A second top N.C. health-care official is stepping down amid major leadership changes in the administration of Gov. Bev Perdue.
Perdue said Tuesday that Dr. Jeffrey Engel will step down as state health director on Feb. 1 after more than two years in the position. He is being replaced by Dr. Laura Gerald, former executive director of the N.C. Health and Wellness Fund.
Perdue said Engel will serve as a special adviser on health policy.
On Jan. 14, Perdue said Lanier Cansler would leave as Health and Human Services secretary on Jan. 31 after three years running one of the largest and most complicated departments in state government.
Gerald also becomes leader of the newly formed Division of Prevention, Access and Public Health Services. That division has been created from the merger of the Division of Public Health and the Office of Rural Health and Community Care.
Gerald has served over the past decade as a consultant and senior adviser for Community Care of N.C. on disease management, quality improvement, cost-containment efforts and coordination of its services across state agencies.
She served as chairwoman of the governor's Eugenics Compensation Task Force, which recommended Jan. 10 that victims of a statewide sterilization program be paid $50,000 each in compensation.

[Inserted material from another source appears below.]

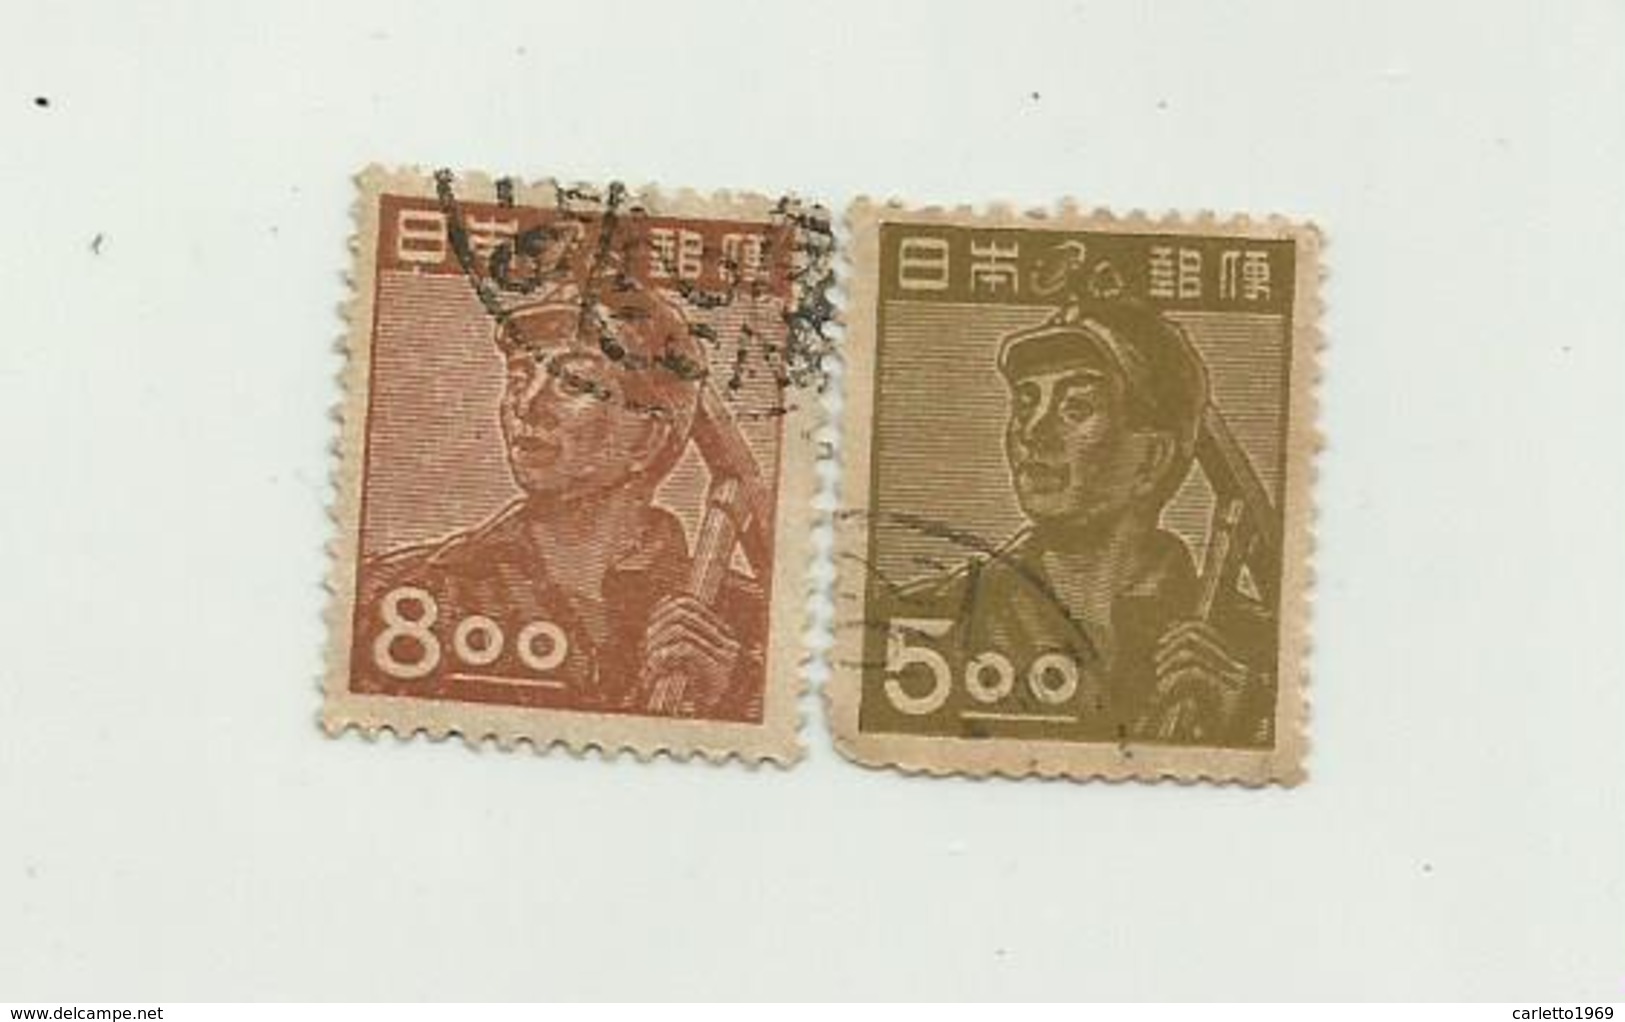 2 Francobolli Giappone Da 800 E 500 - Usati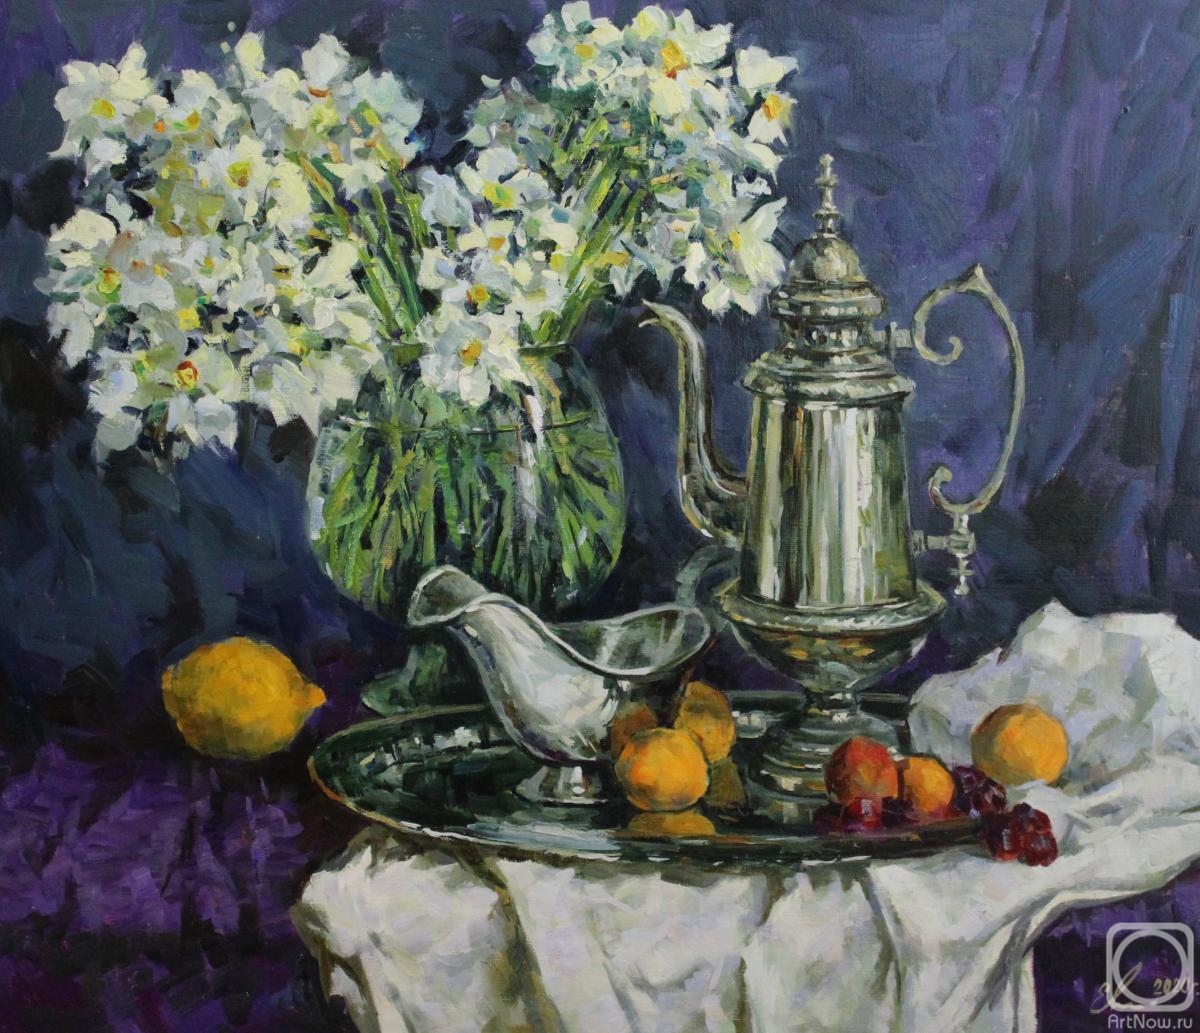 Malykh Evgeny. Daffodils

Engel was praised for his work in overseeing the state's response to the H1N1 pandemic, the implementation of the South's first statewide ban on smoking in bars and restaurants, decline of infant mortality rates to the lowest in state history, and 18 percent decline in new HIV infections from 2009-2011.
Cansler, a Republican in a Democratic administration, will head a new commission that the governor has yet to assemble on affordable health care in the state. Perdue's senior policy adviser, Al Delia, will become acting secretary in early February.
The department receives $4.5 billion in state funds, or nearly one-quarter of the state's budget, to run Medicaid, mental-health facilities, social services and other health programs.
The leadership moves coincide with Perdue's executive order encouraging agencies to consolidate and realign state government.
N.C. Sen. Peter Brunstetter, R-Forsyth, said he looks forward to working with Gerald in resolving the state's health-care issues.
"A fresh set of eyes are always welcome," Brunstetter said.